In lead aVR, a predominant negative polarity was observed in most of the OT PVCs. Therefore, it is not helpful to distinguish PH‐PVCs by using the aVR lead alone even though the R/S ratio of aVR was lower than that in the other limb leads in our study (Table 2). However, together with a predominant positive polarity of lead aVL, the predominant negative polarity of lead aVR resulted in a distinctive ECG pattern of PH‐PVCs as an aVR‐aVL polarity reversal sign.

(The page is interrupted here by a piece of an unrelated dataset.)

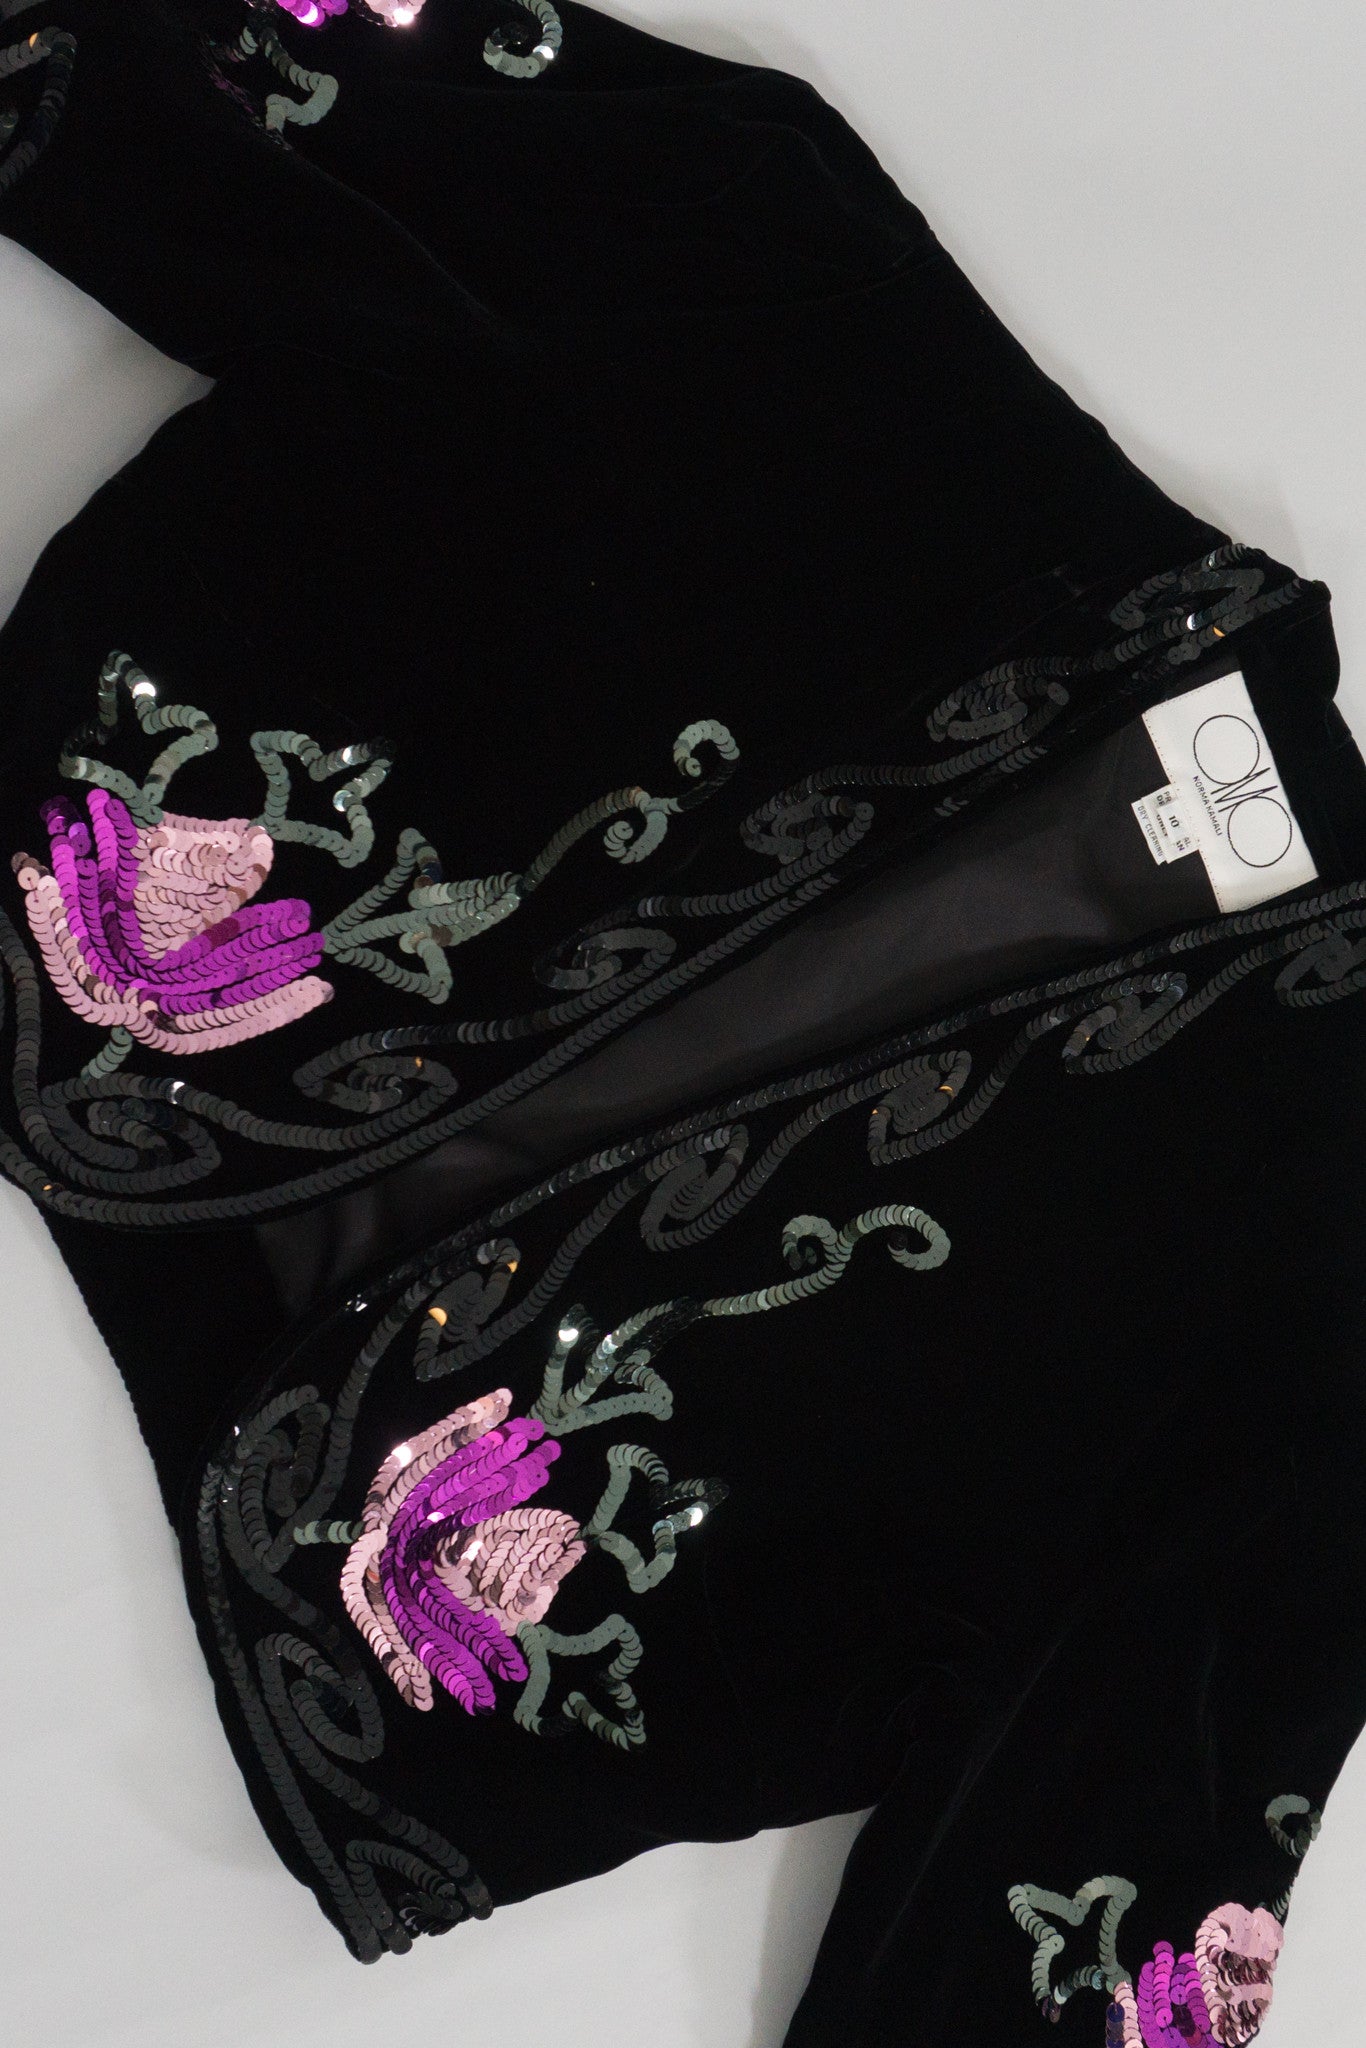 OMO Norma Kamali Vintage Velvet Sequined Bolero Crop Jacket

For comparison of the QRS width according to the site of origin, we classified non‐PH‐PVC patients into subgroups including the RVOT (11 patients), LVOT (12 patients), LV septum (5 patients), and LV summit (5 patients) and analyzed them. The mean QRS widths of the PVCs according to each origin were as follows: PH‐PVCs 140.9 ± 17.1 ms, LVOT PVCs 149.0 ± 19.9 ms, LV septum PVCs 155.6 ± 6.0 ms, RVOT PVCs 167.0 ± 21.3 ms, and LV summit PVCs 168.4 ± 11.8 ms. The QRS width was found to increase with the distance from the PH/septum region and the difference between each origin was statistically significant despite the small number of patients (P value 0.005 using an ANOVA and Scheffe test). Therefore, the QRS width was one of the useful criteria for PVC/VT localization. Representative ECGs of the PVCs according to each site of origin are shown in Figure 4.

Figure 4

Representative 12‐lead electrocardiographic (ECG) of the premature ventricular complexes (PVCs) according to the site of origin. From the left, a PVC from the para‐Hisian region (PH‐PVC), left coronary cusp (LCC), right coronary cusp region (RCC), left ventricular (LV) posteroseptum region, LV summit, right ventricular outflow tract (RVOT) posteroseptum (PS), and RVOT lateral wall (L) region. The average QRS width increases from left to right

Study limitations

Our study had some limitations. First, this study was a retrospective analysis with a small number of patients. Second, ablation was not attempted or failed in 5 out of 14 patients. That was a relatively higher failure rate (35.7%) than the previous reports.2, 4, 6 It may also have affected the definition of the PH‐PVCs in our study. Third, we did not perform a more detailed localization of the PH‐PVCs such as of the RV origin/NCC‐RCC origin or above/below the HB region.4, 9 We could not do any additional analyses with our study cohort, but those classifications might have produced different results if they had been applied in our study.

CONCLUSION

The PH‐PVCs had a narrower QRS width and aVR‐aVL polarity reversal, which referred to a predominantly negative QS polarity in aVR and predominantly positive polarity in aVL, like the normal QRS vector during sinus rhythm, and had a high sensitivity and specificity in predicting PH‐PVCs. Therefore, it can be used as a reliable ECG pattern to predict PH location of PVCs. The prediction of PH‐PVCs before planning the RFCA may help to avoid possible complications and to plan accordingly.

ACKNOWLEDGEMENT

We appreciate Mr. John Martin for his linguistic assistance.

CONFLICT OF INTEREST

Authors declare no conflict of interests for this article.